I came looking for this answer well before I went through the process. I asked around a lot. I'm just posting my experience, to help anyone that may benefit. 

I took the written a couple of weeks ago. It was entry level paramedic knowledge. You have nothing to worry about if you read your books and paid attention in class. This test was easier than the Illinois state paramedic test in my opinion, maybe because it was less the half the amount of questions for me. But don't worry, it's not bad. 

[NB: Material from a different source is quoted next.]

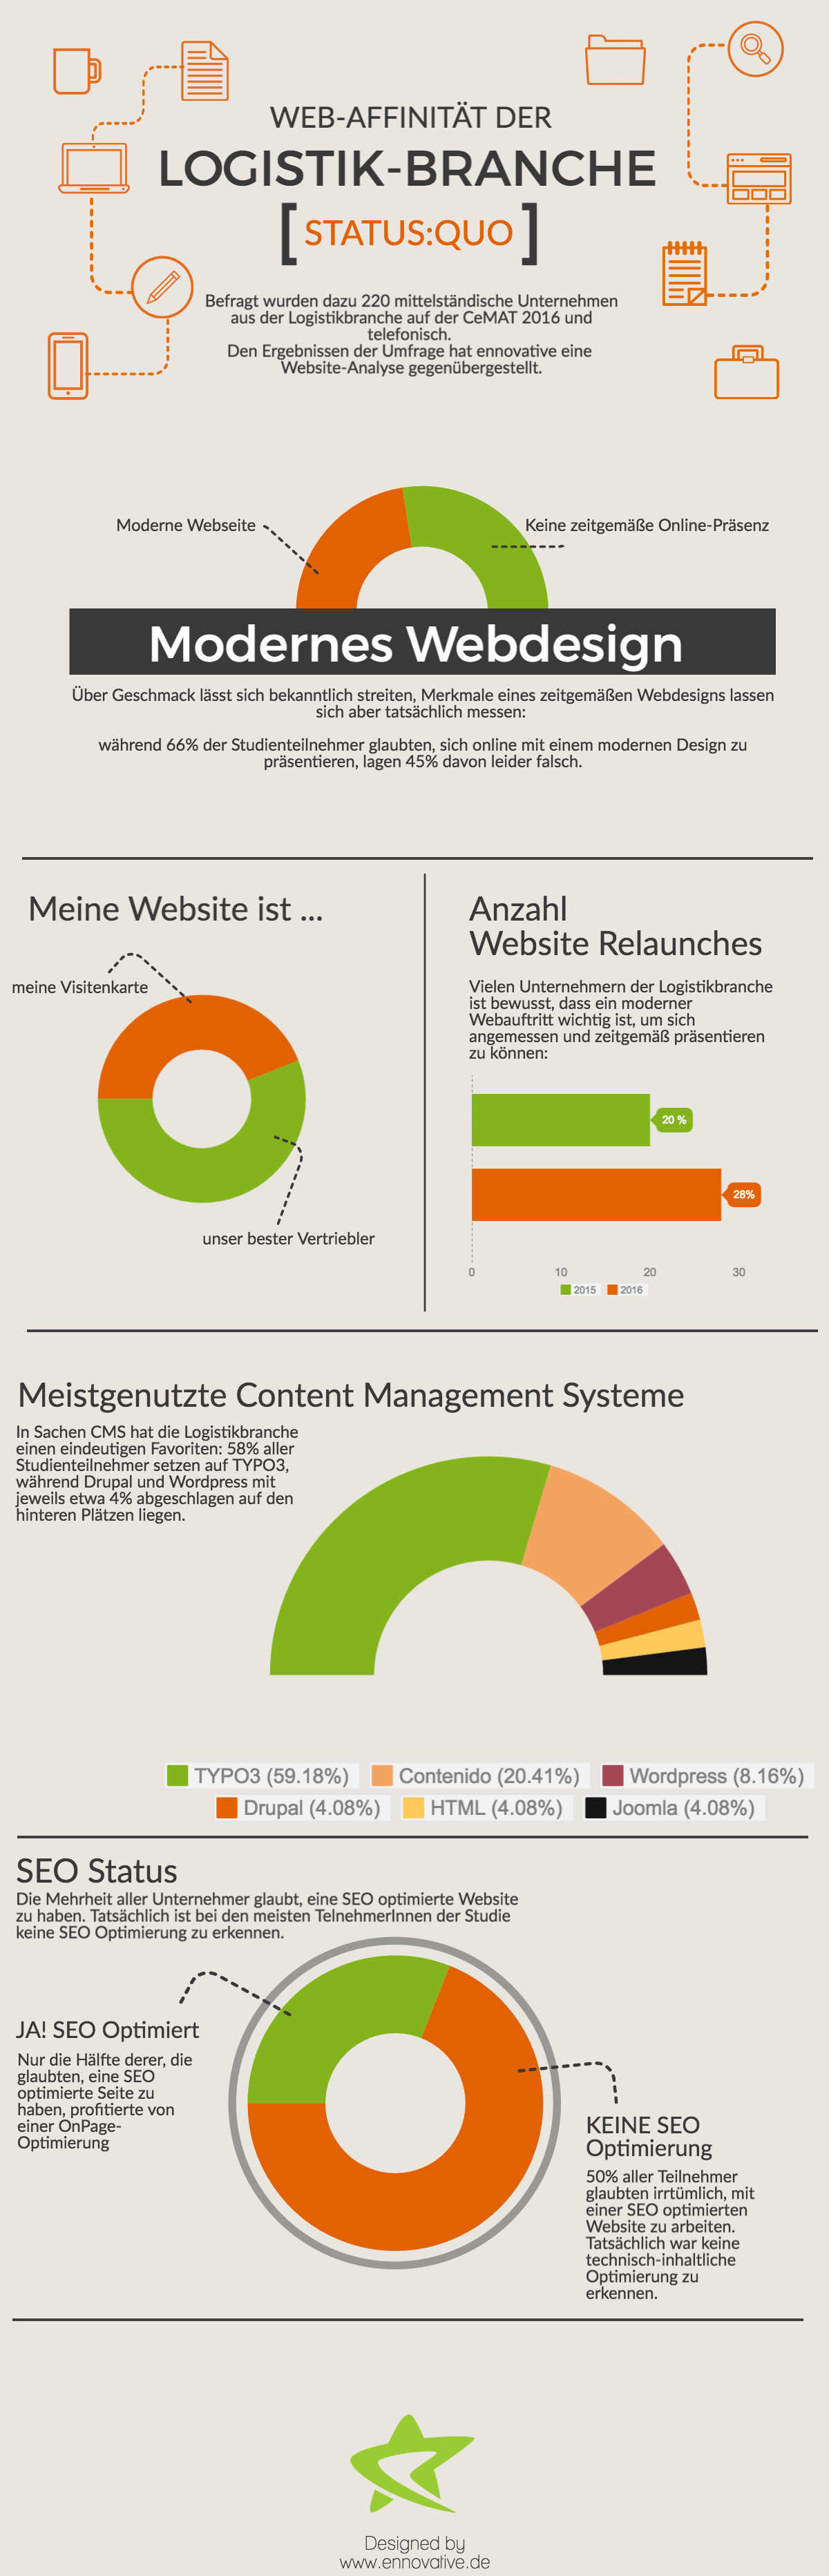 Eine Infografik der ennovative GmbH.

I took the practical today. It's unnerving to to look at those practical check off sheets. There are so many things, and it freaks you out. I looked them over a couple of times before I went, but I didn't even think about those sheets in the stations. I just said to myself, do what you'd normally do, you know this, you learned it. And I passed the first time, and didn't require any retakes. I can't guarantee the same results for you, but that was my experience. At the risk of being totally disagreed with, I would almost argue against looking those sheets over right before and during the practical. Just go in there and do what you know how to do. You'll do great.

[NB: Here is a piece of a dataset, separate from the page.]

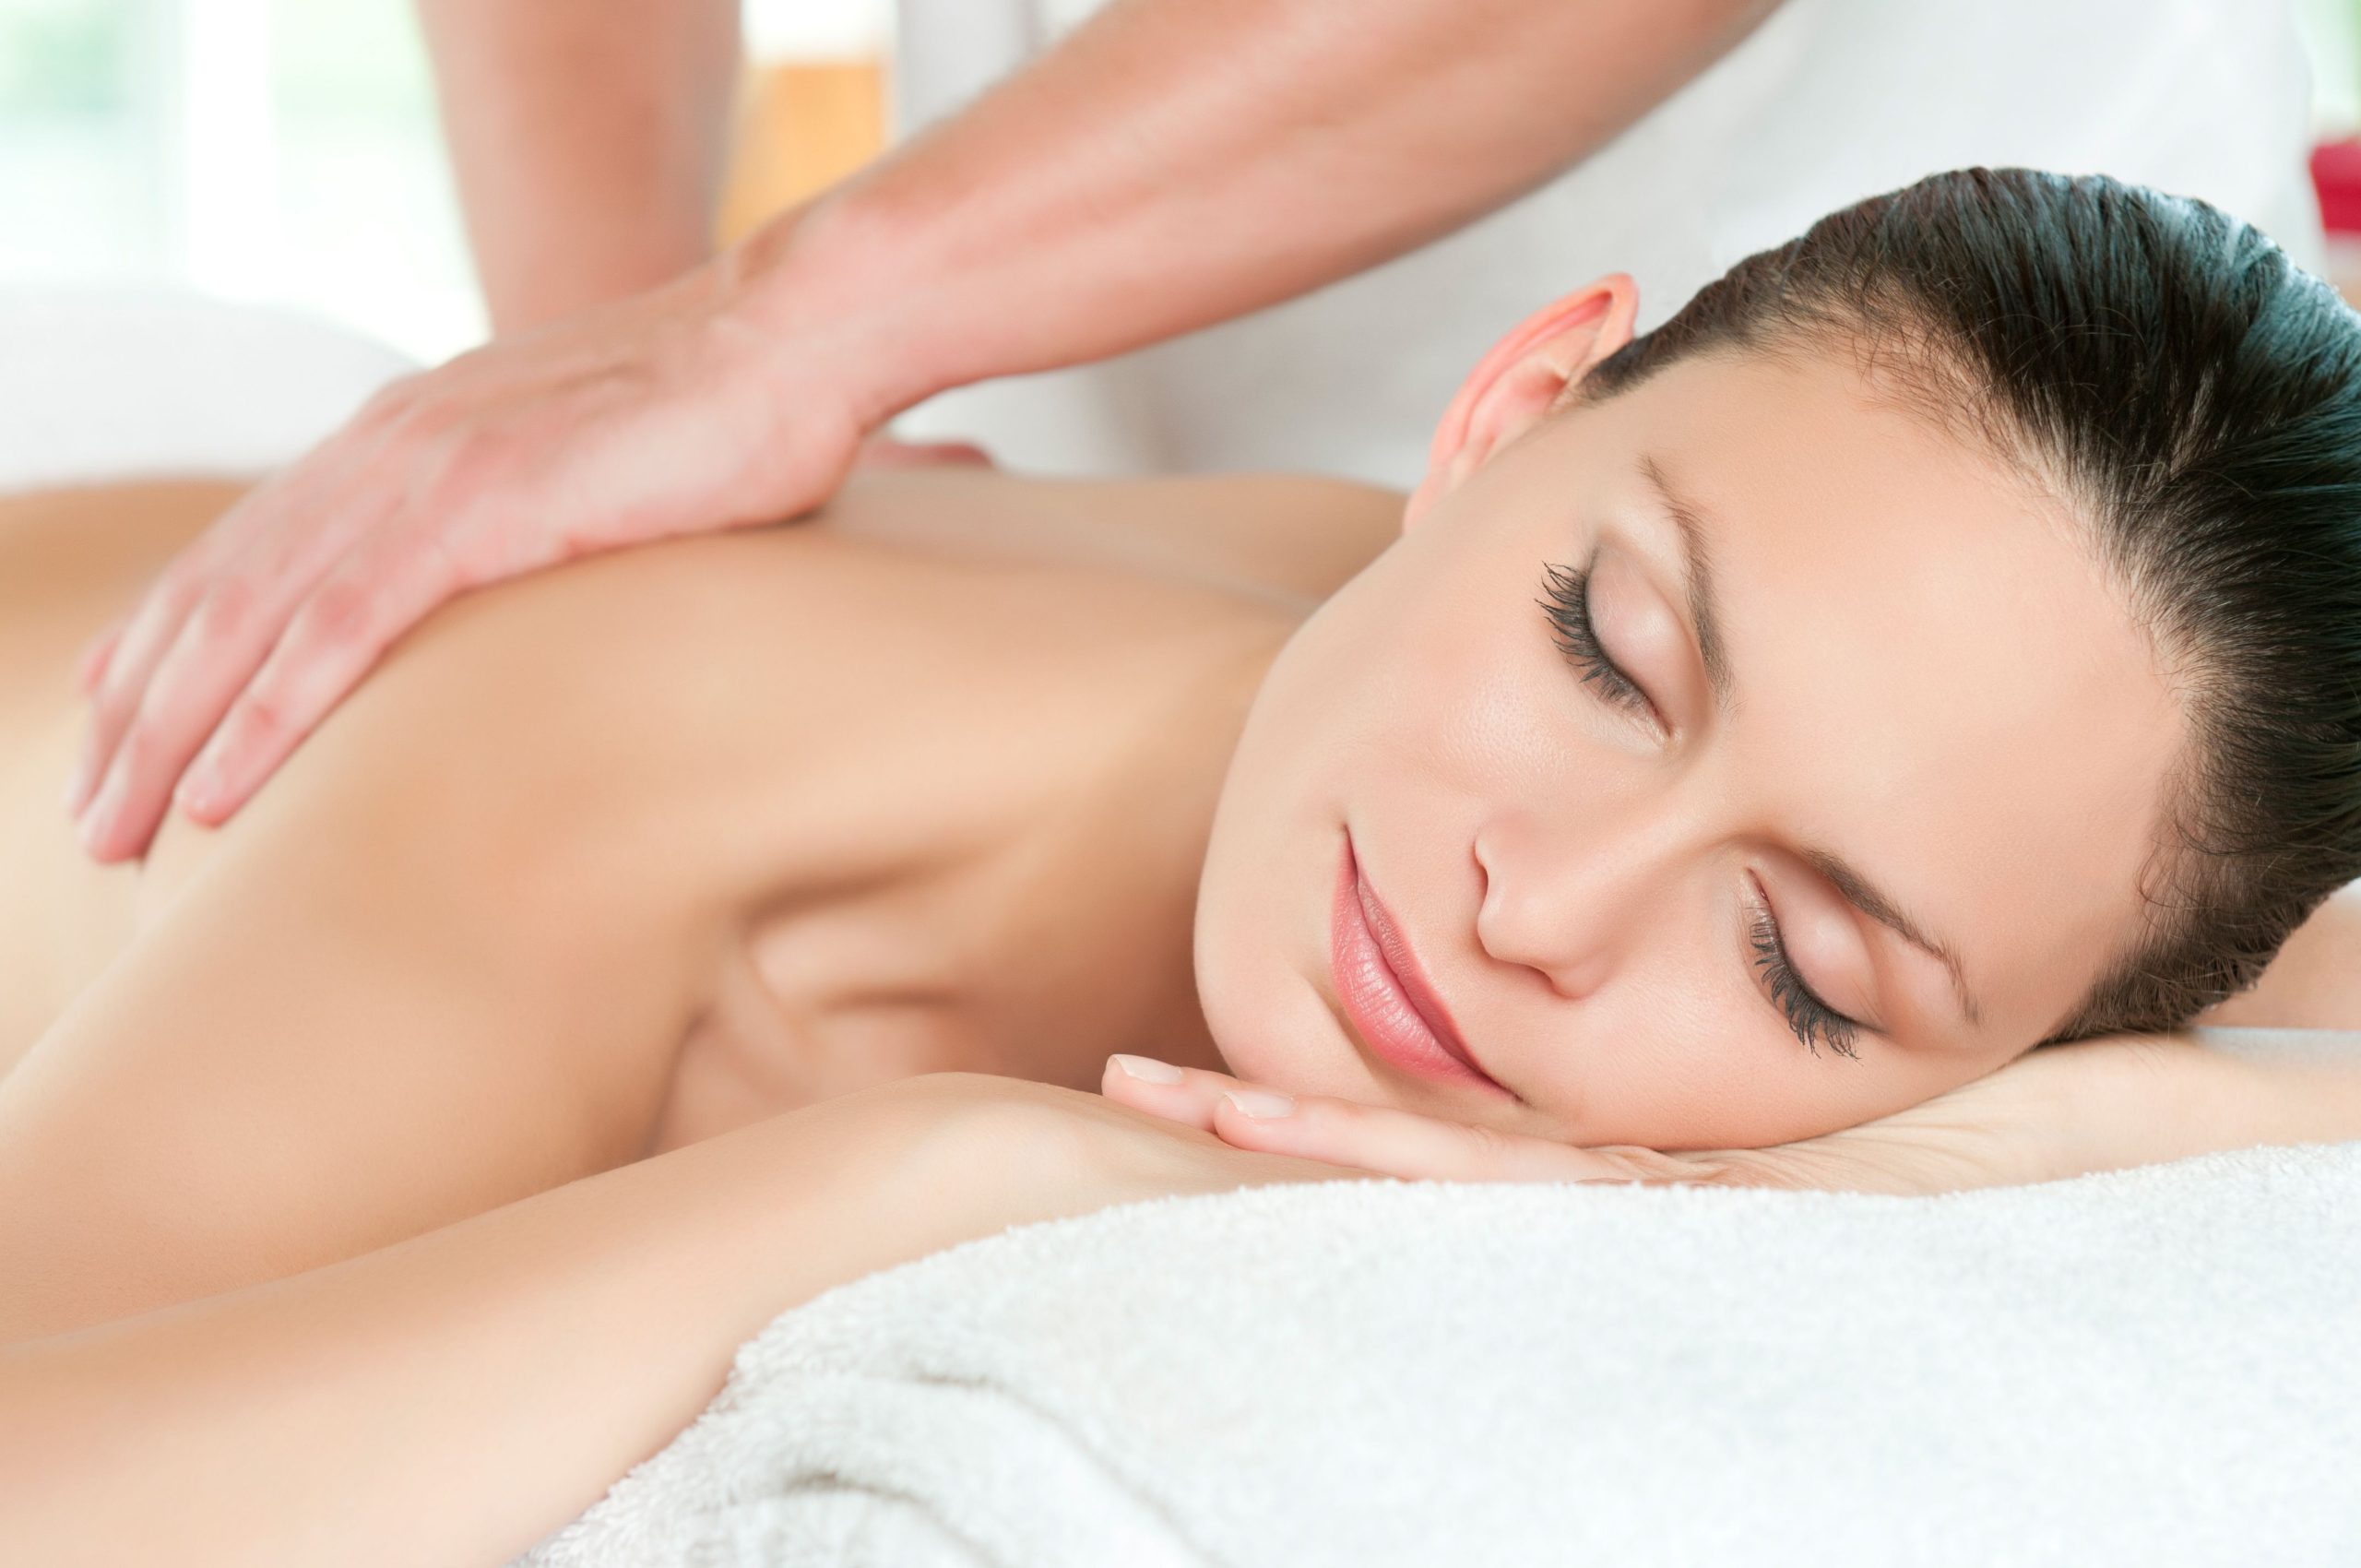 Relaxation Massage Therapist Near Everett, WA

Where I'm from, people don't take the registry. It's not required, and most people don't find it worthwhile. I personally just wanted it. Anyways, just sharing the info...


----------



## mikethemedic (Oct 11, 2009)

*Nremt*

How much does it cost to take the NREMT-P test?


----------



## rhan101277 (Oct 11, 2009)

I think it is $110 paid with crisp lightly ironed bills.


----------



## doc61109 (Oct 11, 2009)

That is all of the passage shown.